_TRY IT_
Only a number is wanted here: how many lines in the records below contain the string "during".

_PROVIDED MATERIAL_

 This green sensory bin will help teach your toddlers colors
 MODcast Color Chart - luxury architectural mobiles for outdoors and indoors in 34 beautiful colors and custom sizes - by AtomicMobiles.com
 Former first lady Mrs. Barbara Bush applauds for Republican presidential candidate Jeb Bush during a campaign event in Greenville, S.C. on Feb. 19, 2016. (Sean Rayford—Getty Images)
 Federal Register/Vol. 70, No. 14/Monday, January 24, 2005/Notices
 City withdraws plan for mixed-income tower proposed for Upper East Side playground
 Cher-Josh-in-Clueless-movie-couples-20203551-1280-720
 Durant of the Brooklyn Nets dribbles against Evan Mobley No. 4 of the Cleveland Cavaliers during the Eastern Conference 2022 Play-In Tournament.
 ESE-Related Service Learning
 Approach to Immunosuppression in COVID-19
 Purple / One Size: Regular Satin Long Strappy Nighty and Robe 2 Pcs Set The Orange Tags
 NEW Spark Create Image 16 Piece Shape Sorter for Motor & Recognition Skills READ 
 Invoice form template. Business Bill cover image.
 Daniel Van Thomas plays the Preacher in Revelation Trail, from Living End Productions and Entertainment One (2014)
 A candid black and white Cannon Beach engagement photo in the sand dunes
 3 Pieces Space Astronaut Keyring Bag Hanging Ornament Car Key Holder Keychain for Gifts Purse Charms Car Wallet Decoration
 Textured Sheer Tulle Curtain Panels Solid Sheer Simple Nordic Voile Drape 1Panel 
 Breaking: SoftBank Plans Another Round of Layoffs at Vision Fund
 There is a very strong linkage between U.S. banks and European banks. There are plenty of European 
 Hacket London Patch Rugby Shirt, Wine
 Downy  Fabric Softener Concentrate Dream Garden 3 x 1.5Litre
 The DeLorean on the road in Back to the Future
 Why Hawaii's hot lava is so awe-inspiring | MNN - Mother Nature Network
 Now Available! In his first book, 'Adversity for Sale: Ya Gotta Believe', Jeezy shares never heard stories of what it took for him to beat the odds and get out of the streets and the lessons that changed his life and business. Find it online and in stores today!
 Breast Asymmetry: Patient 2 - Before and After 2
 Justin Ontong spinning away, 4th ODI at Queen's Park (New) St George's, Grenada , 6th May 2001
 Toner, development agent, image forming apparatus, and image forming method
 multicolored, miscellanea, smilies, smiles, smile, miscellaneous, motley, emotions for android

_YOUR SOLUTION_
2